We will compare the radar-observed and WRF-modeled structures of two storms observed in the summer of 2000 during the Severe Thunderstorm Electrification and Precipitation Study (STEPS). The broad goal of STEPS is to achieve a better understanding of the interactions between kinematics, precipitation production, and electrification in severe thunderstorms on the High Plains. The radar network for STEPS consisted of two research 10-cm polarimetric radars, CSU-CHILL from Colorado State University and S-Pol from the National Center for Atmospheric Research (NCAR), and the National Weather Service (NWS) radar at Goodland Kansas. The radars covered about 300 x 300 square kilometers centered about 40 km northwest of Goodland and included the climatological position of the north-south oriented dryline.

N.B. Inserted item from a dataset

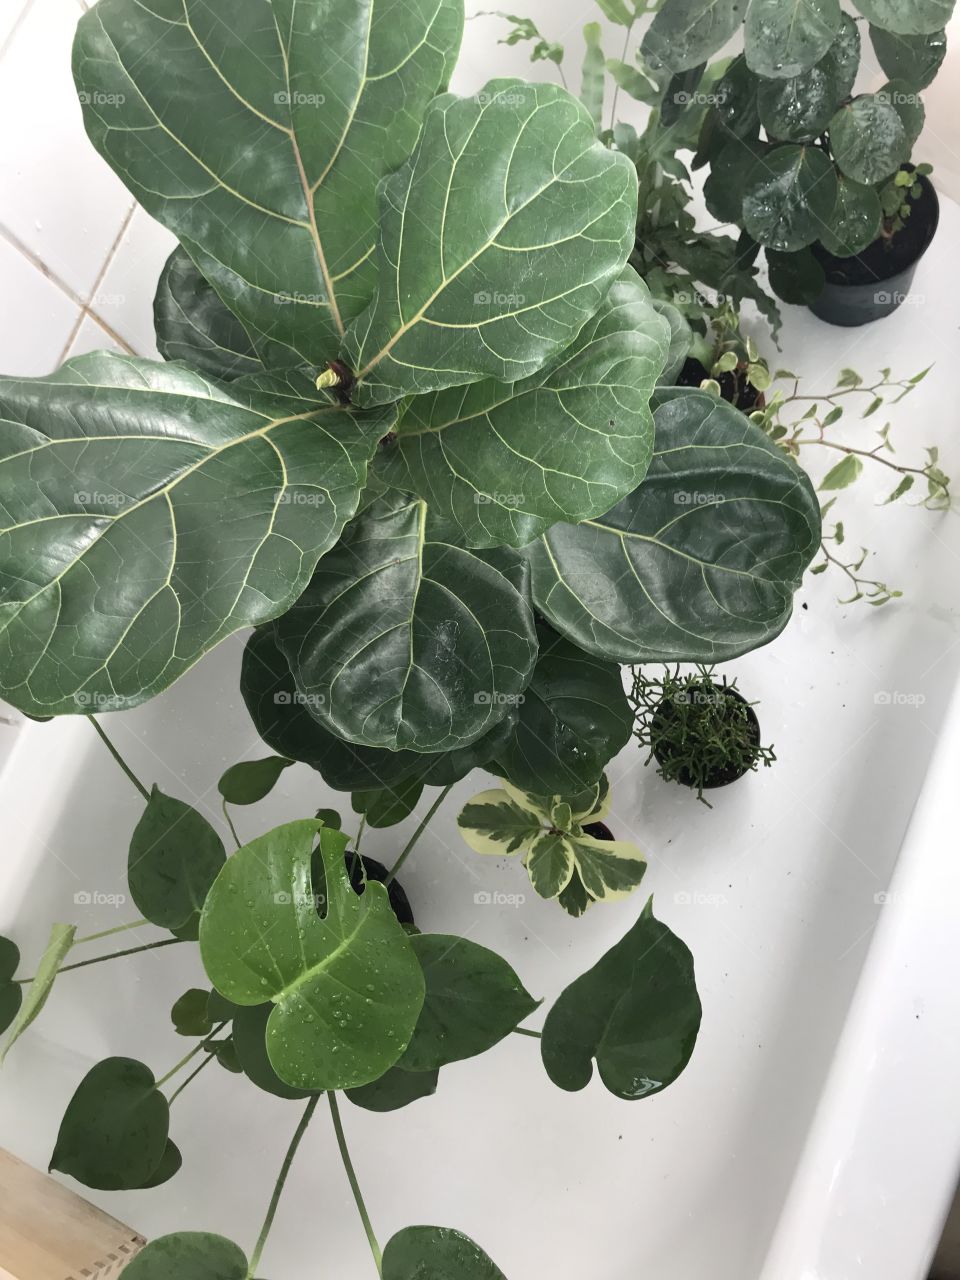 Plant bath

The two storms that will be discussed represent a range of supercells from the low-precipitation (LP) end on July 5 to the more high-precipitation (HP) end on June 29. Typical Doppler-synthesized updrafts in these two storms ranged around 35-45 m/s, with the July 5 case reaching a maximum of about 65 m/s during its mature phase. Both storms exhibited localized areas of strong vorticity, and the June 29 case produced a small, but intense tornado that was on the ground for about 20 min. We will emphasize the ability (or inability) of the Weather Research and Forecasting (WRF) model with its current parameterized microphysics scheme to produce a storm with realistic precipitation, cold pool, and kinematic structures as compared to the observed features. Preliminary results suggest that the WRF model did reasonably well on the July 5 LP storm, but it has done less well on the June 29 HP storm pointing to the possible importance of the microphysics scheme in replicating the observed storm.